Thursday, August 26, 2010

Revisit on the 2s10s curve trade


Some readers send me comments on the relative value trade I posted yesterday. One of them opine that the 20+ year is a better bet. However, I disagree. 2s10s and 10s30s are driven by different fundamentals and their move can vary quite a bit. I believe the belly of the curve is the prime area to put on a flattening trade. The Fed on hold scenario has been priced in by the market, and it extends along the curve  from in to out . Meanwhile, the purchases of  Treasury from the payoffs of MBS and agencies are concentrated on the 5-10 sectors. Therefore, we need to pick this most juicy part of the curve.

Another reader ask me about the size of the trade, which is a great point worth mentioning. On a pure curve trade, the position should be duration neutral. In other words, the dollar duration of 2s and 10s of the trade needs to be the same. 2s duration is around 1.9, 10s duration is around 8 at current yield. Given that IEF's bond investments are in the 7-10 year sectors, the duration of it should be somewhere between 6-8. Today's market value of SHY and IEF are 84 and 99, respectively. So the unit ratio is approximately 4.4. In other words, you need to short 4.4 units of SHY for each unit long in IEF. When rate changes, the ratio will change as well due to the convexity of fixed income instruments. However, that won't be too big of a problem, the dollar duration match should get you the bulk part of  trade idea.

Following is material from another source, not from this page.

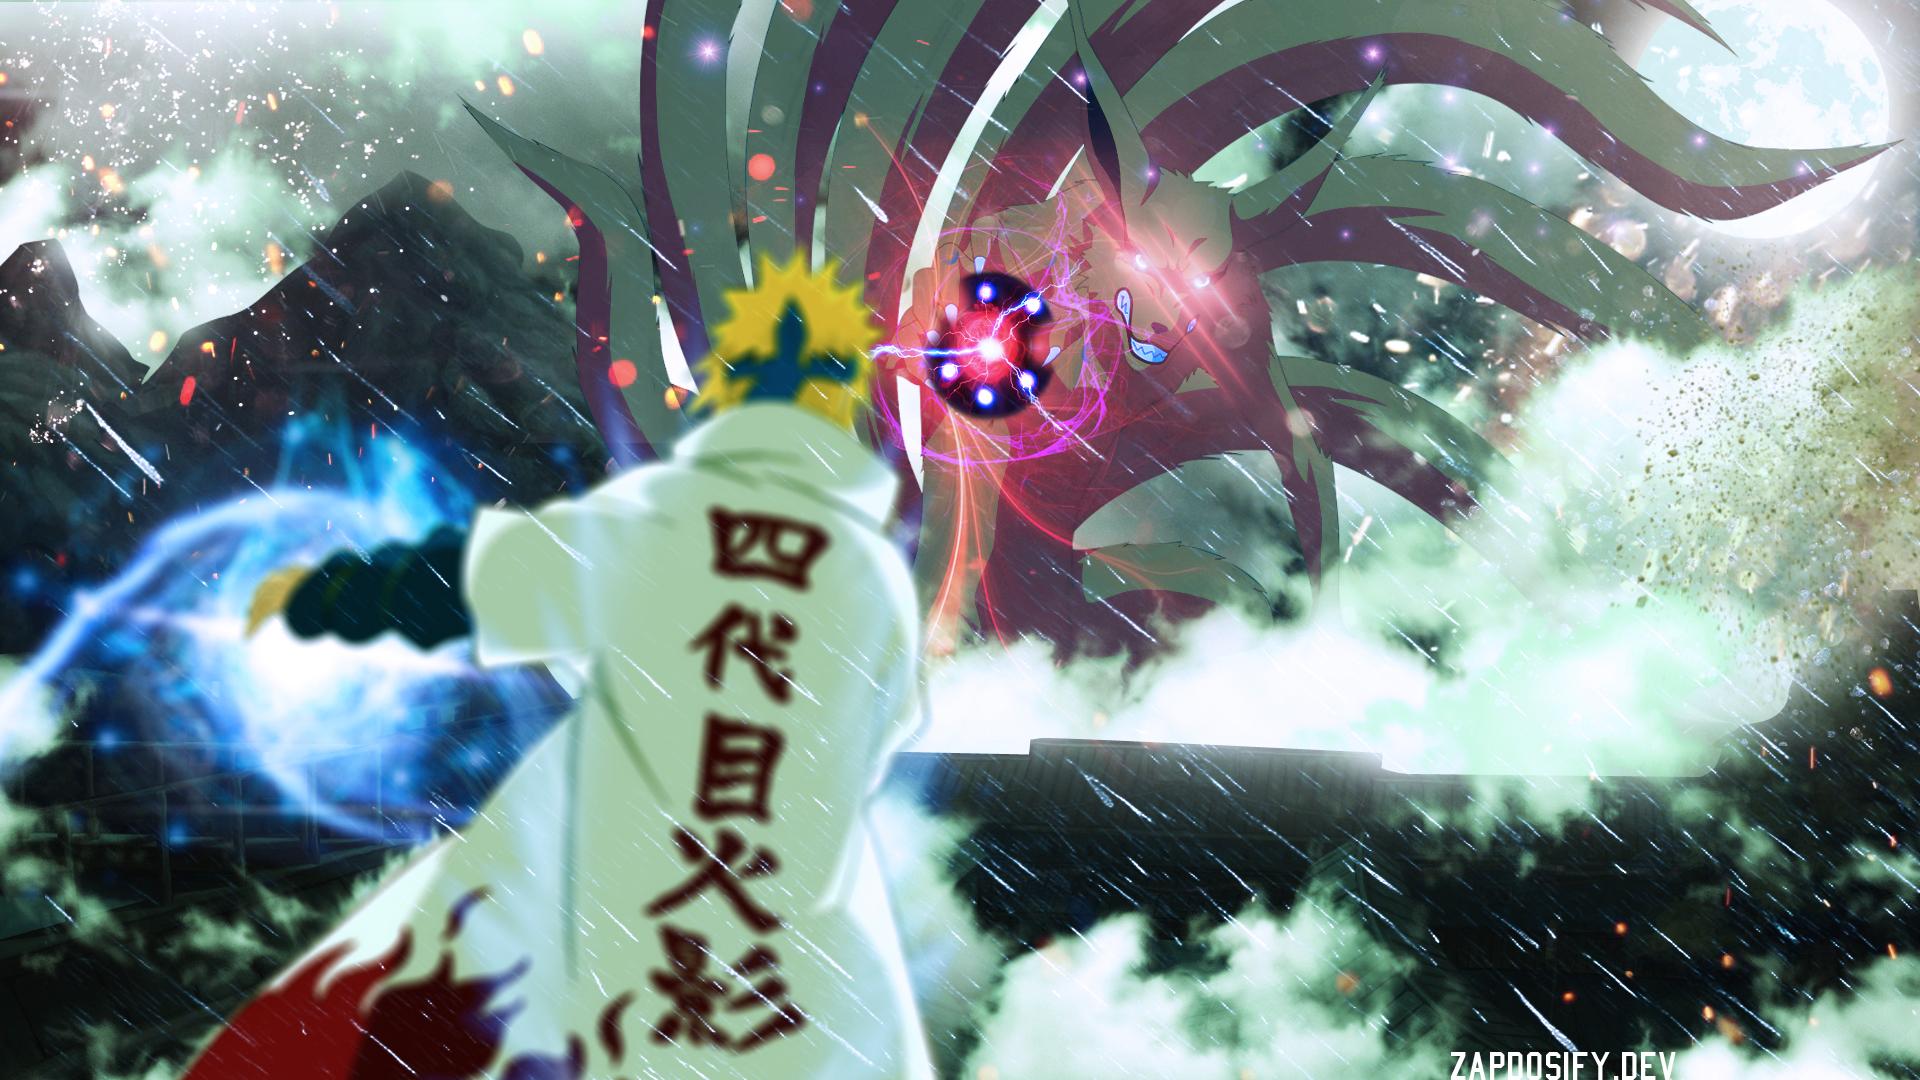 Naruto Hd Wallpaper Background Image 1920x1080 Id 710905
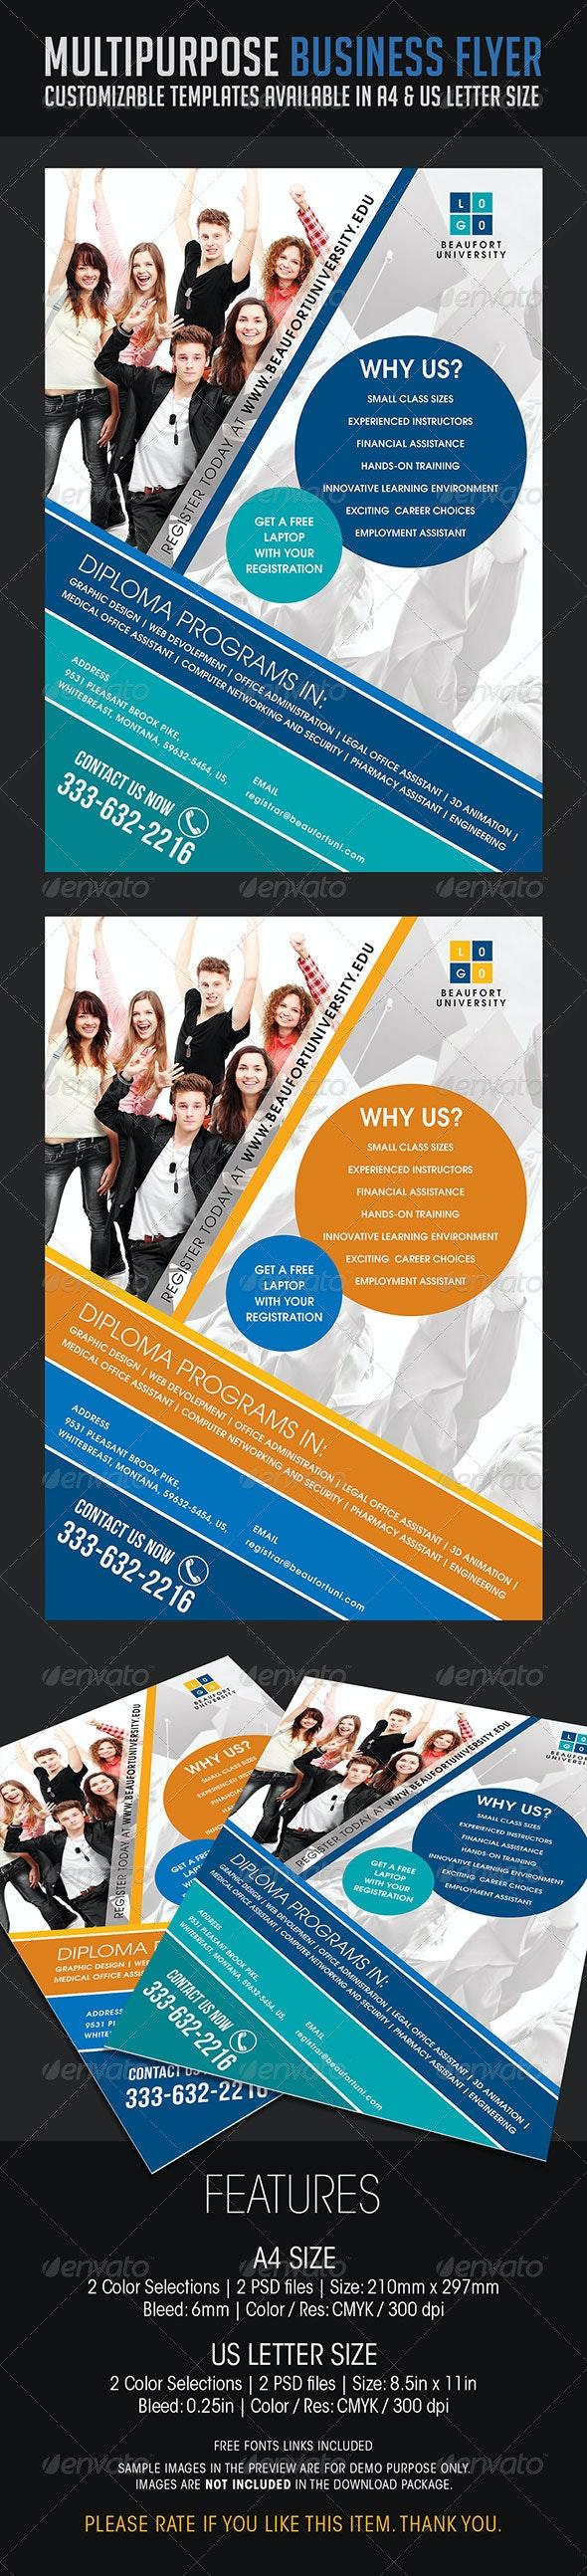 Multipurpose Business Flyer 09 - Flyers Print Templates

A step further is to express views on both the curve and the rates. My view is that the 10s rates can tank further to 2% level. For this bull flattening trade, you can long one unit of IEF and short less than 4.4 units of SHY, depending on your risk appetite. The less risk averse you are, the further away from 4.4 units you should be shorting. However, no matter what, remember to adjust the ratio back to approximately 4.4 after  we get clear signal that rates have hit the bottom.